Recall that the finite element system of equations has the form
![{\displaystyle \mathbf {M} ~{\ddot {\mathbf {u} }}=\mathbf {f} _{\text{ext}}-\mathbf {f} _{\text{int}}~.}](https://wikimedia.org/api/rest_v1/media/math/render/svg/b04a7adc97b64cee0822806d4f78e914bbfc6ae6)
We could also have written this equation as
![{\displaystyle \mathbf {M} ~{\ddot {\mathbf {u} }}+\mathbf {K} ~\mathbf {u} =\mathbf {f} ~.}](https://wikimedia.org/api/rest_v1/media/math/render/svg/b6b6d42a22067418cc67fc1543a7bb391f9f835c)
For natural vibrations, the forces and the displacements are assumed to be
periodic in time, i.e.,
![{\displaystyle \mathbf {u} =\mathbf {u} ^{0}~\exp(i\omega t)~.}](https://wikimedia.org/api/rest_v1/media/math/render/svg/52cba09327bed499aa93134e8dc2175e6872b303)
and
![{\displaystyle \mathbf {f} =\mathbf {f} ^{0}~\exp(i\omega t)~.}](https://wikimedia.org/api/rest_v1/media/math/render/svg/e1300b20f4d8e797c2175e76f14de7fdbb12738d)

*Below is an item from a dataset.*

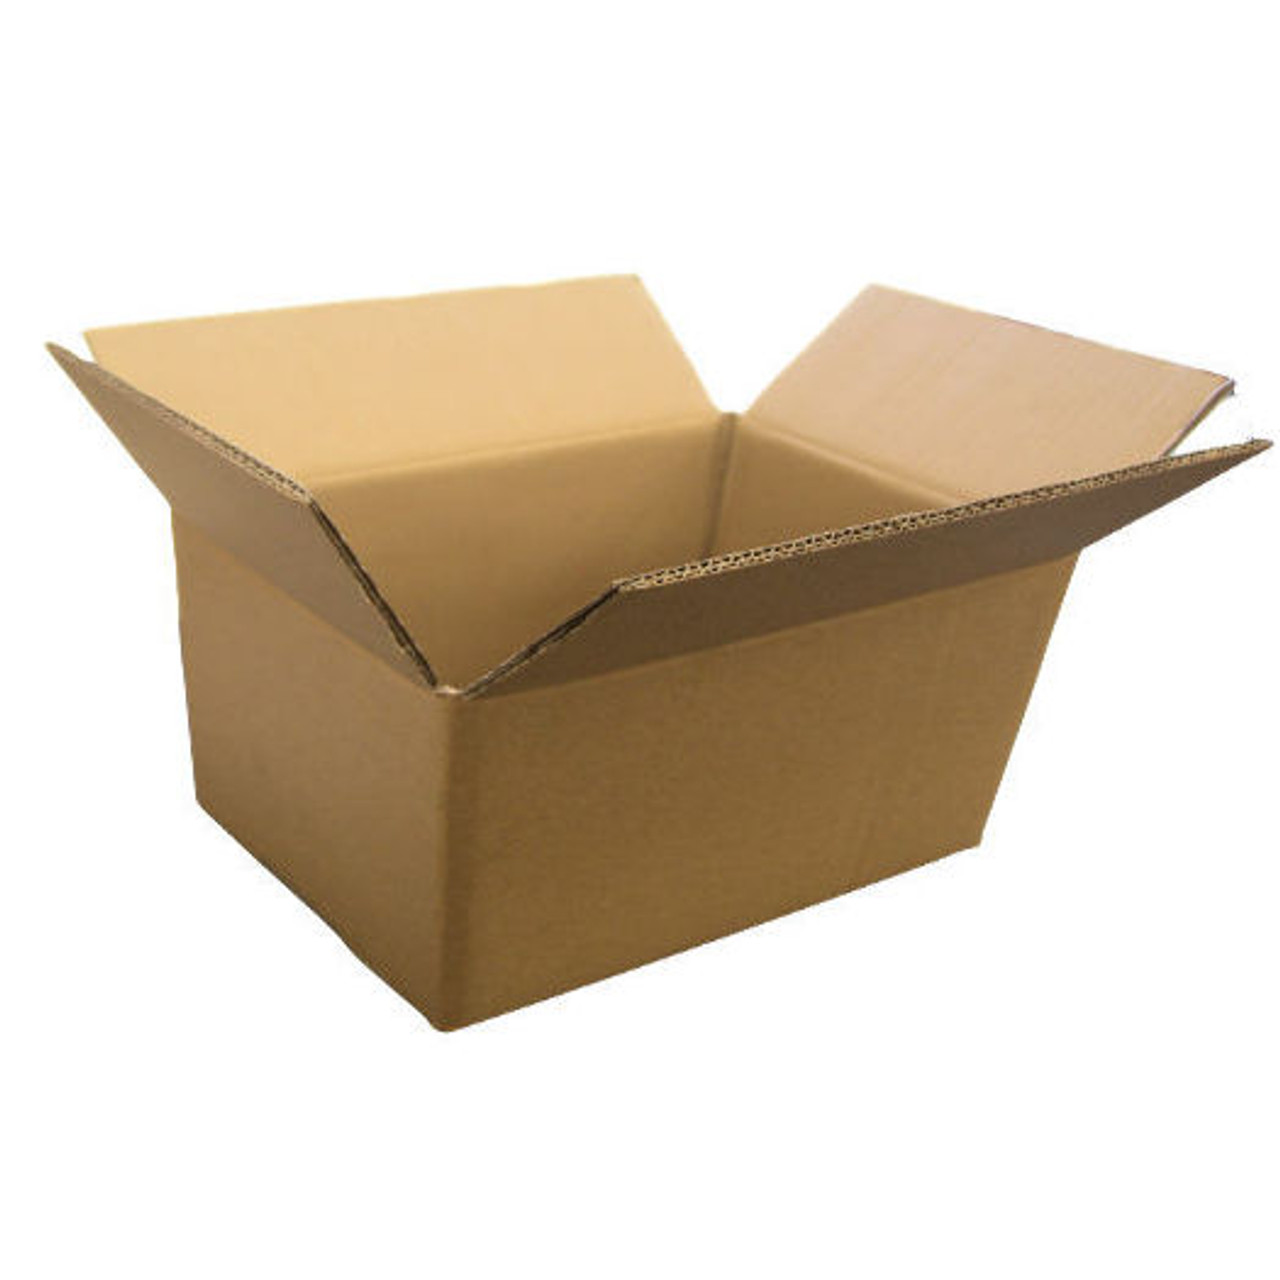 Pack 250 - Heavy Duty Twin Wall Cardboard Boxes 540 x 300 x 380mm

Then, the accelerations take the form
![{\displaystyle {\ddot {\mathbf {u} }}=(i\omega )^{2}~\mathbf {u} ^{0}~\exp(i\omega t)=-\omega ^{2}~\mathbf {u} ^{0}~\exp(i\omega t)~.}](https://wikimedia.org/api/rest_v1/media/math/render/svg/b2564e164584c0fbdf3bc3e0018ad9dd8a6997ce)
Plugging these into the FE system of equations, we get
![{\displaystyle [-\omega ^{2}~\exp(i\omega t)]\mathbf {M} ~\mathbf {u} ^{0}+\exp(i\omega t)~\mathbf {K} ~\mathbf {u} ^{0}=\exp(i\omega t)~\mathbf {f} ^{0}~.}](https://wikimedia.org/api/rest_v1/media/math/render/svg/467160440f6bdce69a6c1b82a28429b6c693e6a3)

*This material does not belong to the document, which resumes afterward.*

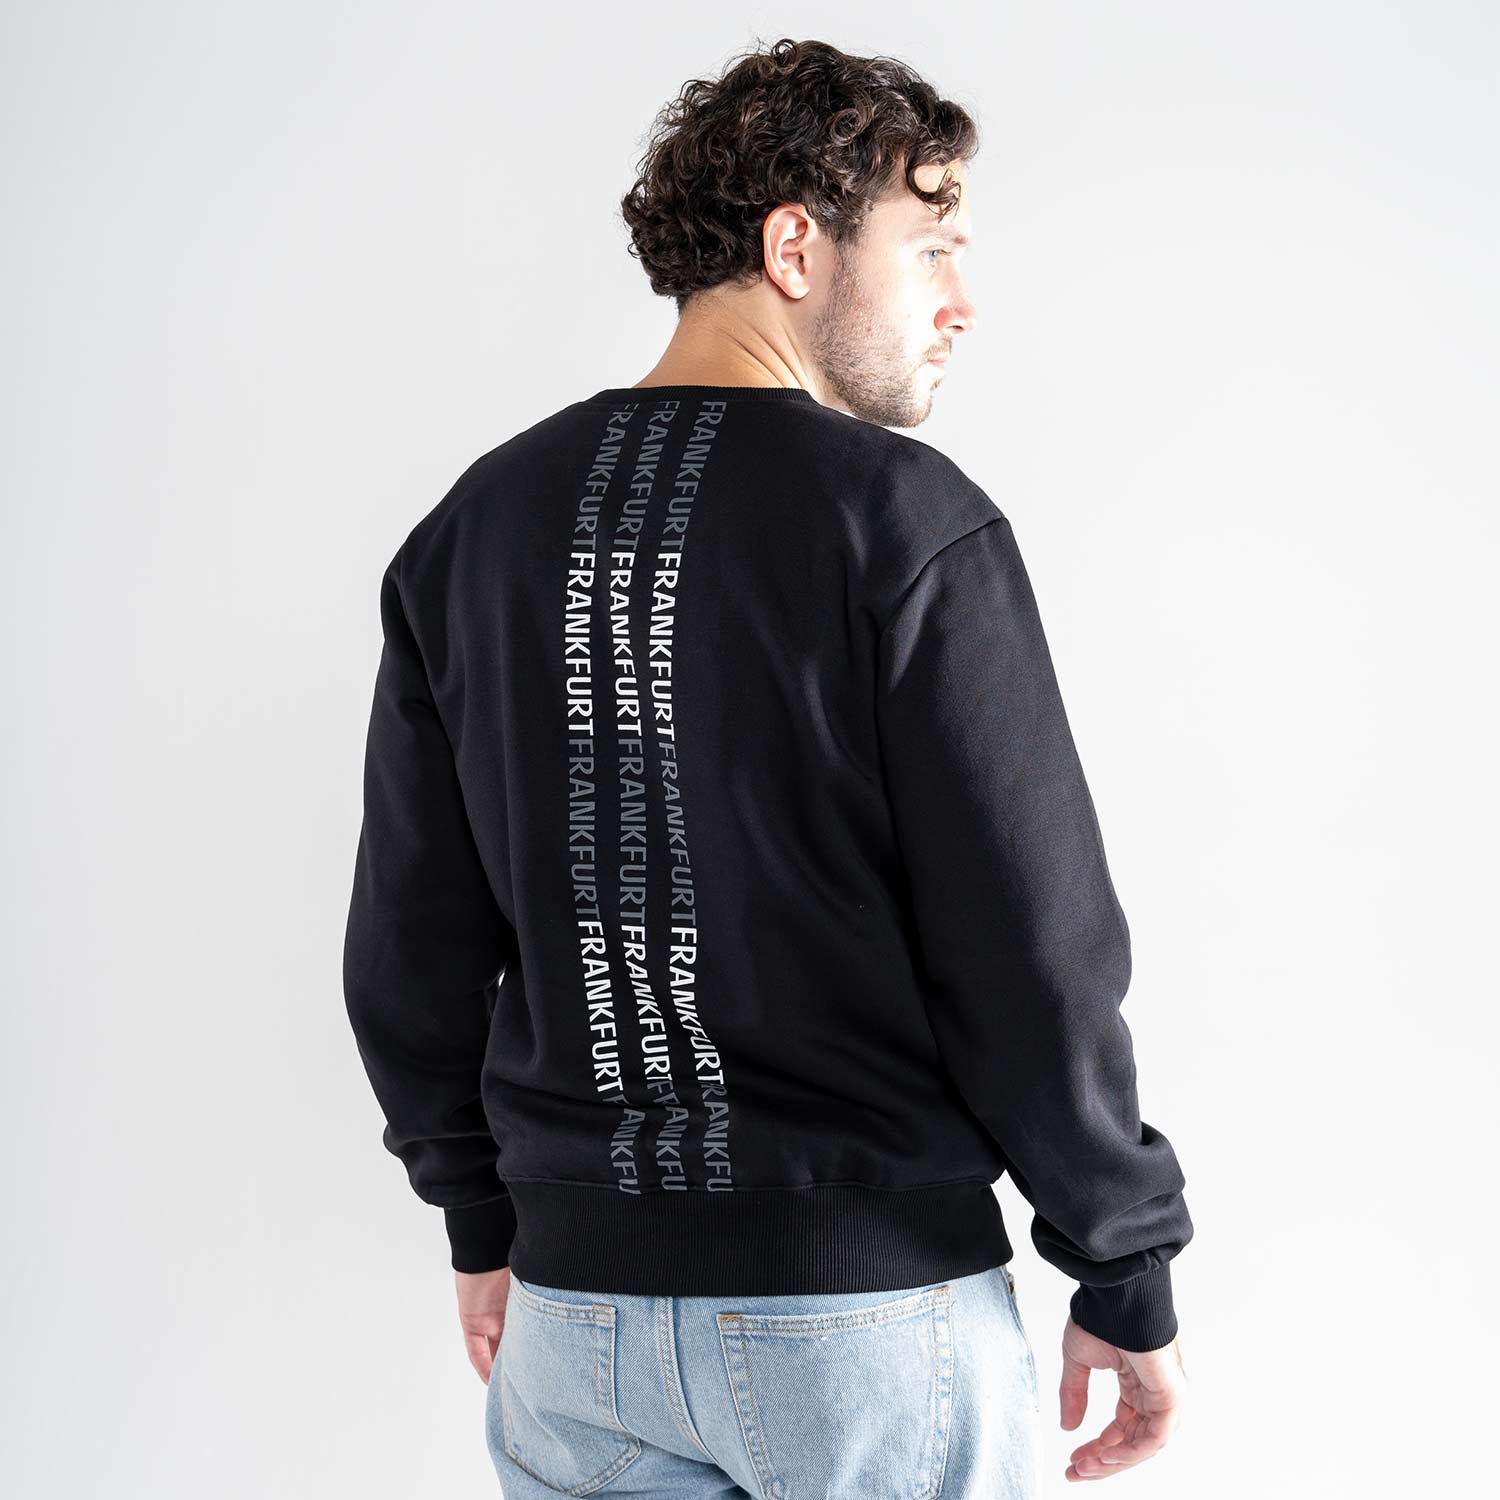 Bild 5: Sweater Backstripes

After simplification, we get
![{\displaystyle {\left(-\omega ^{2}\mathbf {M} +\mathbf {K} \right)~\mathbf {u} ^{0}=\mathbf {f} ^{0}~.}}](https://wikimedia.org/api/rest_v1/media/math/render/svg/b07fe3c8a0c37d9aacc648e6b3aa8880fe1d54d0)
If there is no forcing, the right hand side is zero, and we get
the finite element system of equations for free vibrations
![{\displaystyle {\left(-\omega ^{2}\mathbf {M} +\mathbf {K} \right)~\mathbf {u} ^{0}=0~.}}](https://wikimedia.org/api/rest_v1/media/math/render/svg/af74bbe3eb4923e478bad859ae15c683ed20278d)
The above equation is similar to the eigenvalue problem of the form
![{\displaystyle \mathbf {A} ~\mathbf {x} =\lambda ~\mathbf {x} \qquad \equiv \qquad \left(\mathbf {A} -\lambda \mathbf {I} \right)\mathbf {x} =0~.}](https://wikimedia.org/api/rest_v1/media/math/render/svg/38804ffeaa872b436ed3e518141b26c16e09f44c)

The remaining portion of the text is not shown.